- Education: Aristotle University of Thessaloniki Georgia Institute of Technology
- Known for: Iterative image restoration; image and video processing; computational imaging
- Awards: IEEE Fellow (1998) IEEE Signal Processing Society Technical Achievement Award (2010) Fellow of EURASIP (2017) Fellow of Optica (2018)
- Scientific career
- Fields: Electrical engineering, signal processing, image processing, video processing, computational imaging
- Workplaces: Northwestern University
- Website: ivpl.northwestern.edu

= Aggelos Katsaggelos =

Electrical engineer and academic

Aggelos K. Katsaggelos (Άγγελος Κ. Κατσάγγελος) is a Greek electrical engineer and academic whose research has focused on image and video processing, multimedia signal processing, computational imaging, computer vision, and machine learning. He is the Joseph Cummings Professor of Electrical and Computer Engineering at Northwestern University, where he has courtesy appointments in computer science and radiology and directs the Image and Video Processing Lab. He was elected a Fellow of the Institute of Electrical and Electronics Engineers in 1998 for contributions to the theory and application of iterative image restoration methods, received the IEEE Signal Processing Society Technical Achievement Award in 2010 for contributions to image and video processing, and has been elected a Fellow of EURASIP and Optica.

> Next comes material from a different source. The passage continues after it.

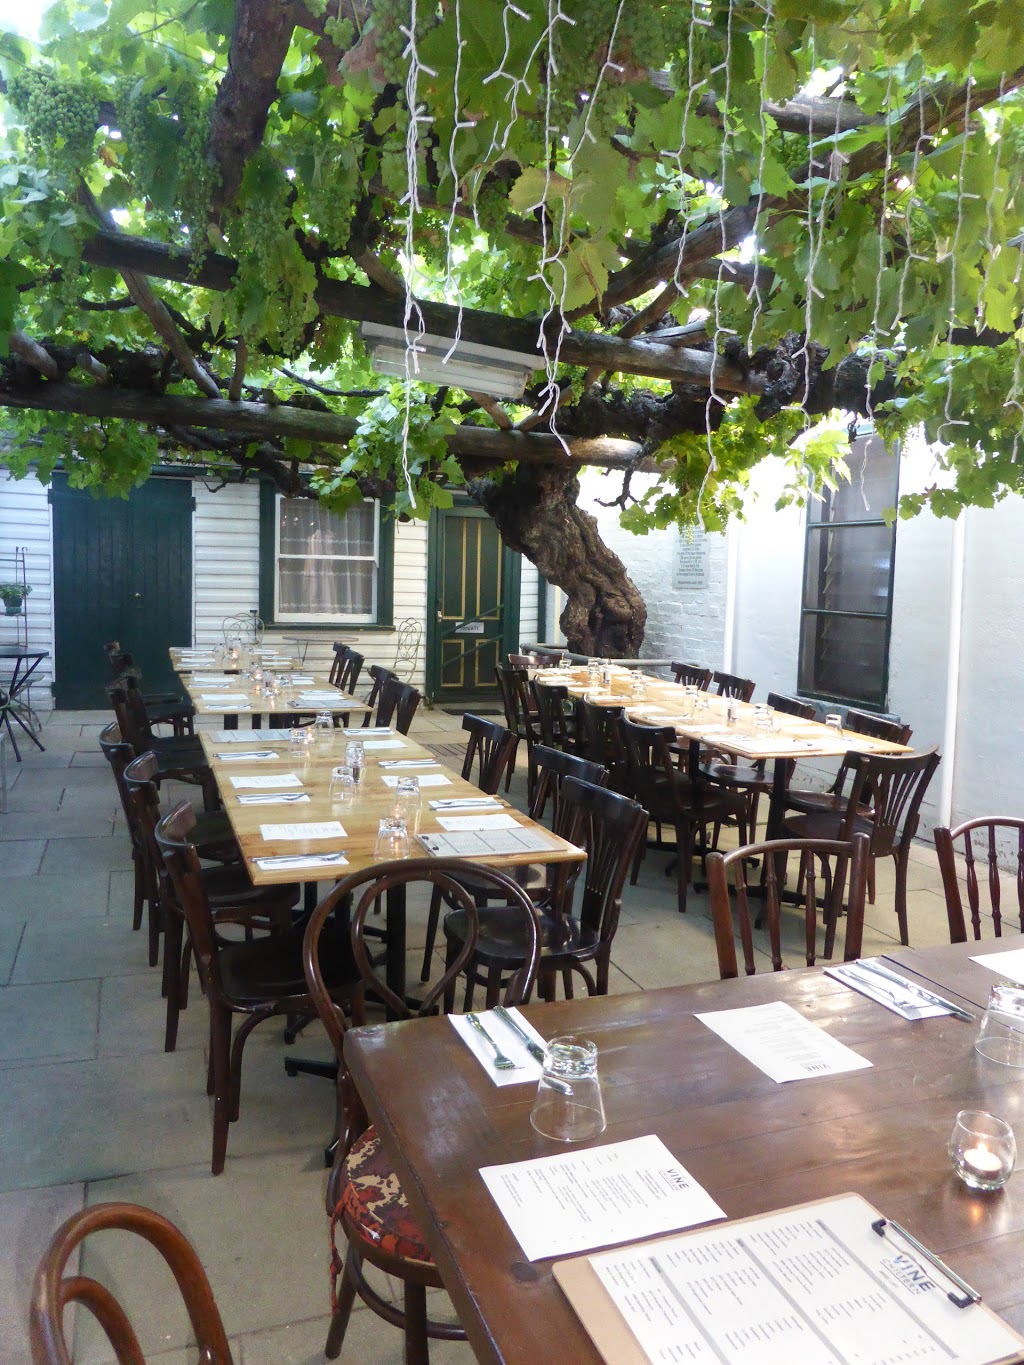 The Vine Chiltern | cafe | 53 Conness St, Chiltern VIC 3683, Australia | 0475044866 OR +61 475 044 866

== Education and career ==
Katsaggelos received a diploma degree in electrical and mechanical engineering from the Aristotle University of Thessaloniki in 1979, and M.S. and Ph.D. degrees in electrical engineering from the Georgia Institute of Technology in 1981 and 1985, respectively. He joined Northwestern University in 1985.

At Northwestern, Katsaggelos is the Joseph Cummings Professor of Electrical and Computer Engineering and has courtesy appointments in computer science and radiology. His Northwestern profile lists him as director of the Image and Video Processing Lab, co-director of the Center for Scientific Studies in the Arts, and deputy director of computation at the Center for Computational Imaging and Signal Analytics in Medicine.

Katsaggelos has also held editorial and service roles in the IEEE Signal Processing Society. The society's Leo L. Beranek Meritorious Service Award list records that he received the 2001 award for service to the society, including service as editor-in-chief of IEEE Signal Processing Magazine.

== Research and applications ==
Katsaggelos's research areas include image and video processing, multimedia signal processing and communications, computational imaging, computer vision, machine learning, and medical and biological signal processing. His IEEE Fellow citation recognized his work on iterative image restoration methods, and the IEEE Signal Processing Society Technical Achievement Award cited his contributions to image and video processing.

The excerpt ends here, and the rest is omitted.